Marchés financiers : le chêne ou le roseau ?

Le début du mois de février a été caractérisé par une forte baisse des marchés financiers. Ainsi que nous l’avions anticipé, quelques signes d’accélération de l’inflation font redouter que les banques centrales ne durcissent désormais plus vite et plus fortement leurs politiques monétaires. Plusieurs classes d’actifs ont toutefois surréagi par rapport à nos attentes. Après plusieurs années favorables, la dynamique des marchés est-elle alors proche de la rupture ou bien n’est-ce qu’une simple inflexion temporaire ? L’analyse détaillée du comportement des diverses classes d’actifs durant ce choc boursier nous semble riche en enseignements.

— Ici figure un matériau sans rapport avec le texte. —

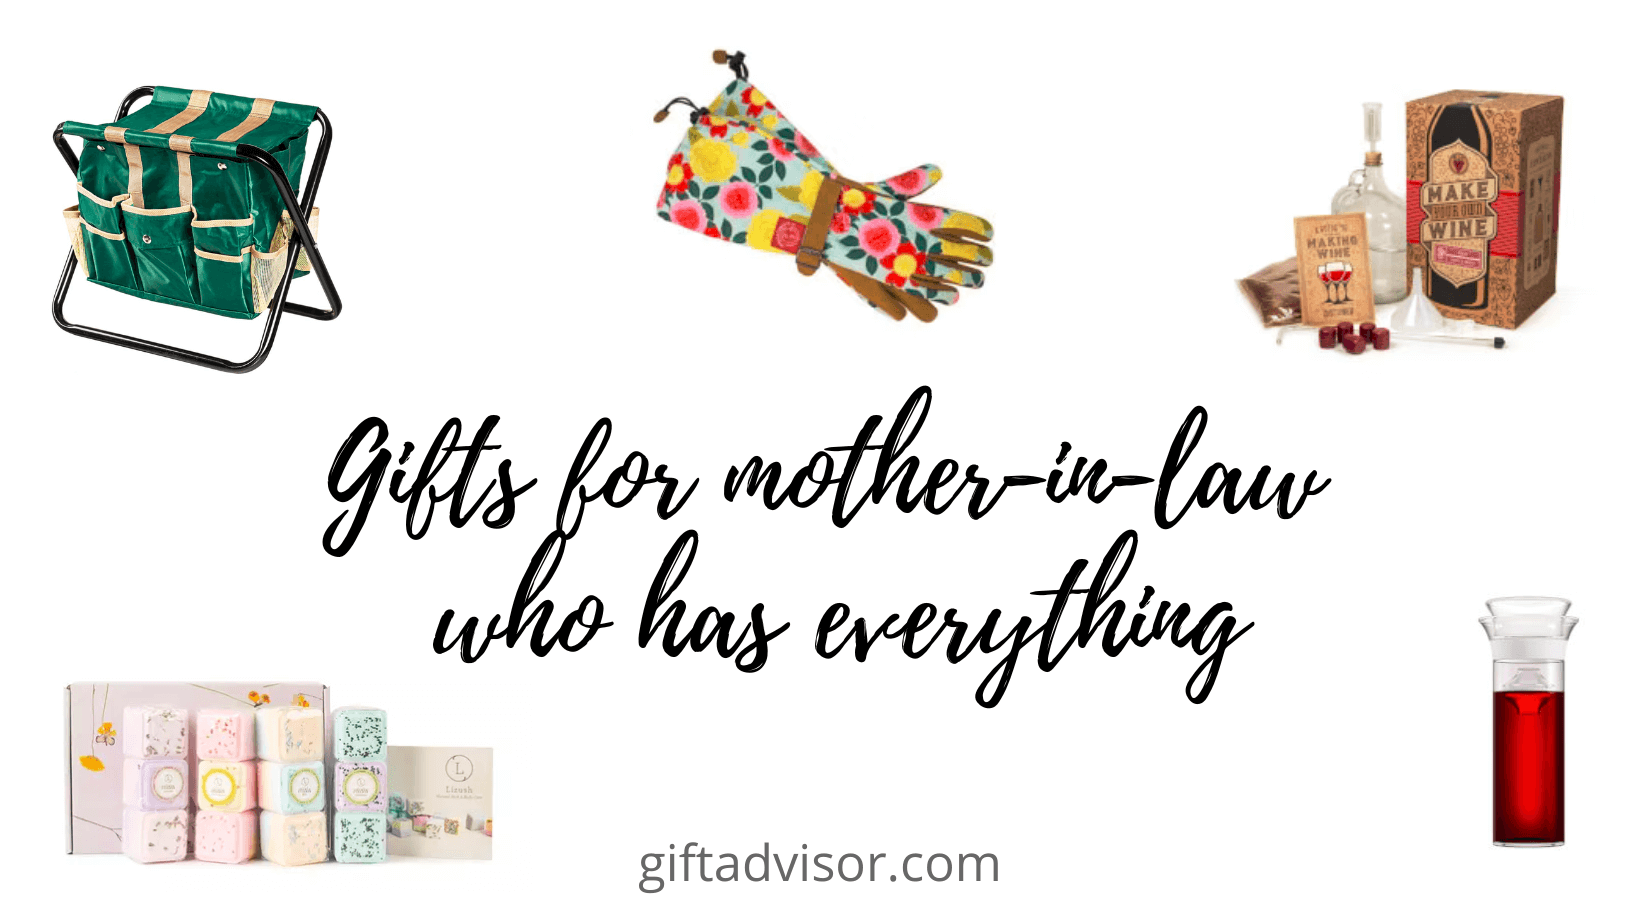 https://giftadvisor.imgix.net/gifts-for-mother-in-law-who-has-everything-min.png?fit=crop&max-w=600&max-h=315

État des lieux des évolutions des grandes classes d’actifs financiers durant le mois de février et quelques conclusions qui en découlent :

Les obligations

  • Accélération de la hausse des rendements des obligations d’État qui avait démarré en septembre 2017. Autrement dit, la valorisation des obligations se dégrade. Le taux à 10 ans américain dépasse les 2.90%, celui de l’Allemagne oscille autour de 0.70%-0.75%, et celui de la France a franchi temporairement le cap des 1.00%.
  • Contrairement à l’habitude, les obligations n’ont pas servi d’actif refuge : les obligations et les actions ont baissé simultanément.
  • En relatif, les rendements des obligations des pays « périphériques » européens (Italie, Espagne, Grèce,…) résistent mieux que ceux des pays « cœur » (Allemagne, France, Pays-Bas,…).
  • Les obligations des pays émergents se détériorent à peu près au même rythme que celles des pays développés.
  • Bonne résistance relative des obligations d’entreprises les mieux notées (« Investment Grade »), mais en revanche forte dégradation des obligations d’entreprises à haut rendement (« High Yield »).

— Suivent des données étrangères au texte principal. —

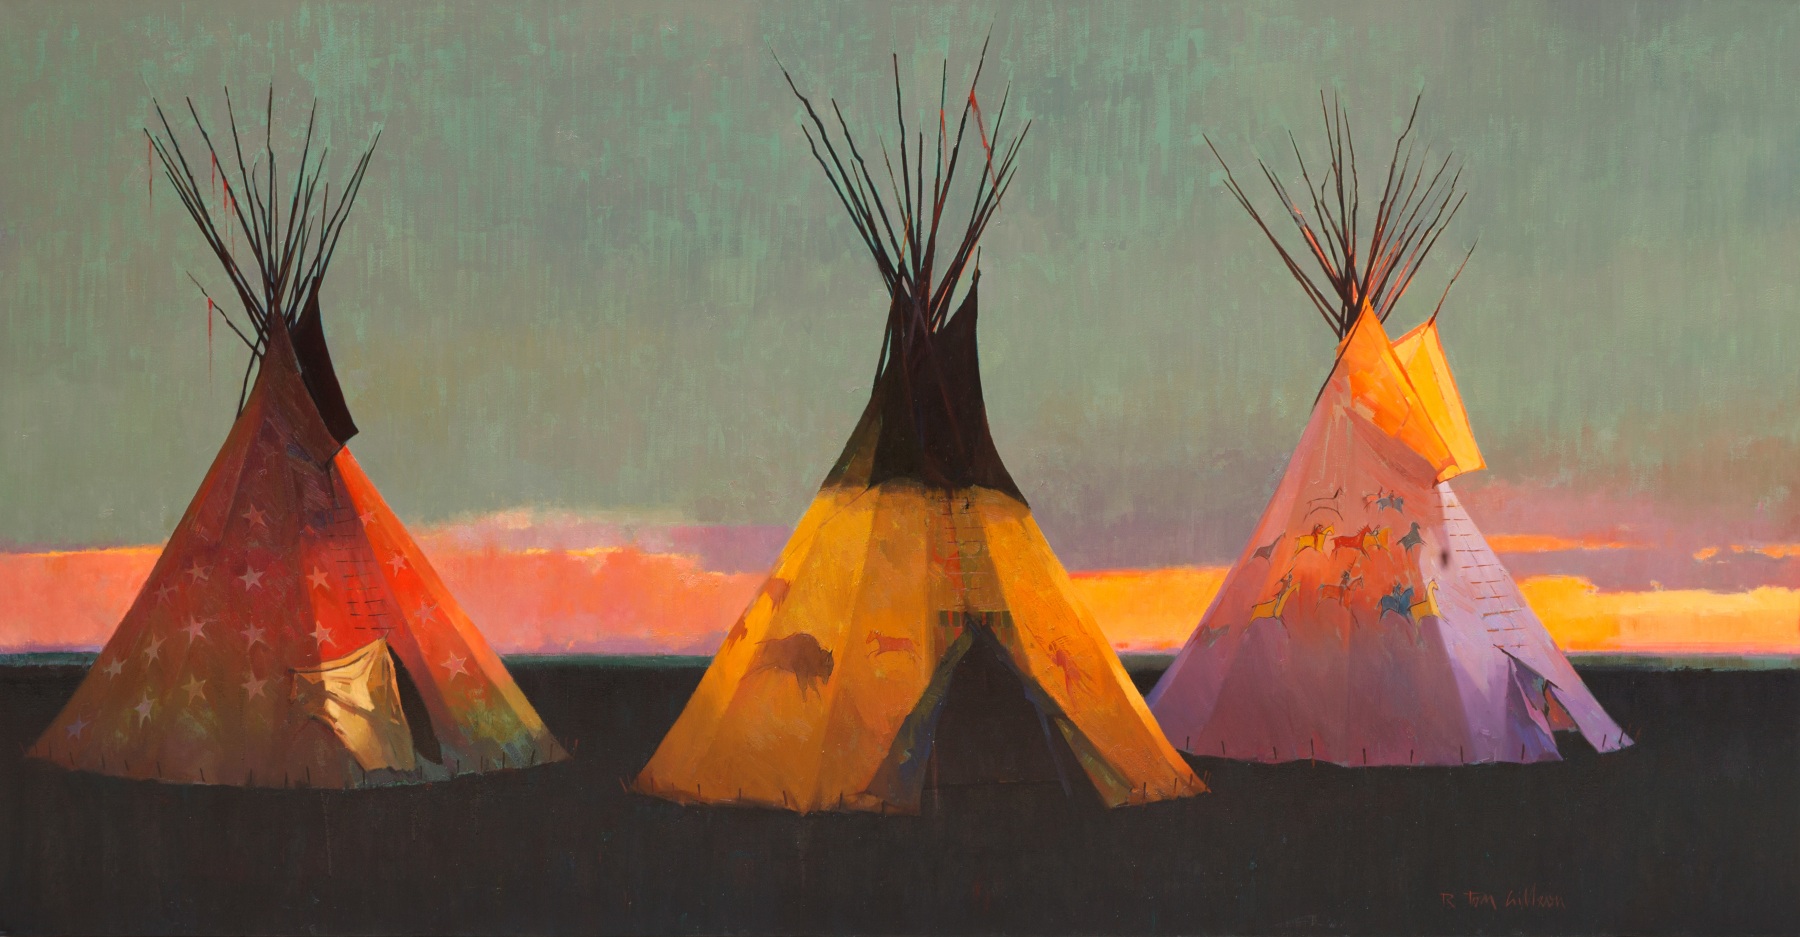 Native Trilogy
Oil on canvas
56 x 90 inches

&amp;nbsp;

Réflexions et conclusions induites :

  • L’actuelle politique budgétaire et fiscale expansive américaine accélère la croissance du pays, mais elle accentue aussi le risque d’inflation, notamment par les salaires, le chômage étant déjà à 4.1%. Les investisseurs anticipent désormais 3 à 4 hausses de taux directeurs par la FED en 2018, ces derniers remonteraient alors vers 2.50%.
  • Au-delà des craintes d’inflation, le marché des obligations souveraines américaines se détériore car le Trésor américain doit émettre beaucoup plus d’obligations pour compenser ses moindres recettes fiscales, et cela alors même que la FED réduit simultanément son Bilan (300 Mds $ d’achats d’obligations en moins en 2018, puis 600 Mds $ au-delà). Ce changement d’équilibre entre l’offre et la demande d’obligations est voué à être STRUCTUREL, alors que la remontée d’inflation ne devrait être que CONJONCTURELLE. La pression qui s’exerce actuellement sur les marchés obligataires est donc plutôt d’ordre financier qu’économique.
  • Les pays étant en concurrence pour lever les capitaux auprès des investisseurs internationaux, il y a logiquement contagion de la hausse des rendements américains aux autres dettes souveraines. L’homogénéité de cette remontée des rendements internationaux indique toutefois qu’à ce stade le scénario économique projeté n’est que modérément affecté par la remontée des coûts de financement. La bonne tenue des obligations périphériques européennes suggère aussi que l’aversion au risque des investisseurs reste compensée par les rendements servis.
  • La dette des entreprises les mieux notées étant adossée à des bilans et à des trésoreries solides, ces dettes sont logiquement encore recherchées, d’autant que la croissance mondiale reste bien orientée. En revanche, la forte dégradation du « High Yield » révèle que la quête de rendement par les investisseurs devient plus sélective et qu’une discrimination qualitative émerge désormais.
  • La baisse concomitante des obligations et des actions a été attisée par la crainte d’une remontée de l’inflation et par l’inflexion des politiques monétaires que cela peut induire. Les capitaux ainsi dégagés se sont portés sur le cash, mais cette situation ne peut être que temporaire. L’analyse de la collecte de chacune de ces deux classes d’actifs éclairera quant au scénario économique et financier envisagé par les investisseurs. Dans un contexte un peu plus inflationniste, les actions seront a priori privilégiées par rapport aux obligations. À noter toutefois que le rendement des obligations dépasse désormais parfois celui des dividendes versés sur les actions, comme c’est par exemple le cas aux États-Unis.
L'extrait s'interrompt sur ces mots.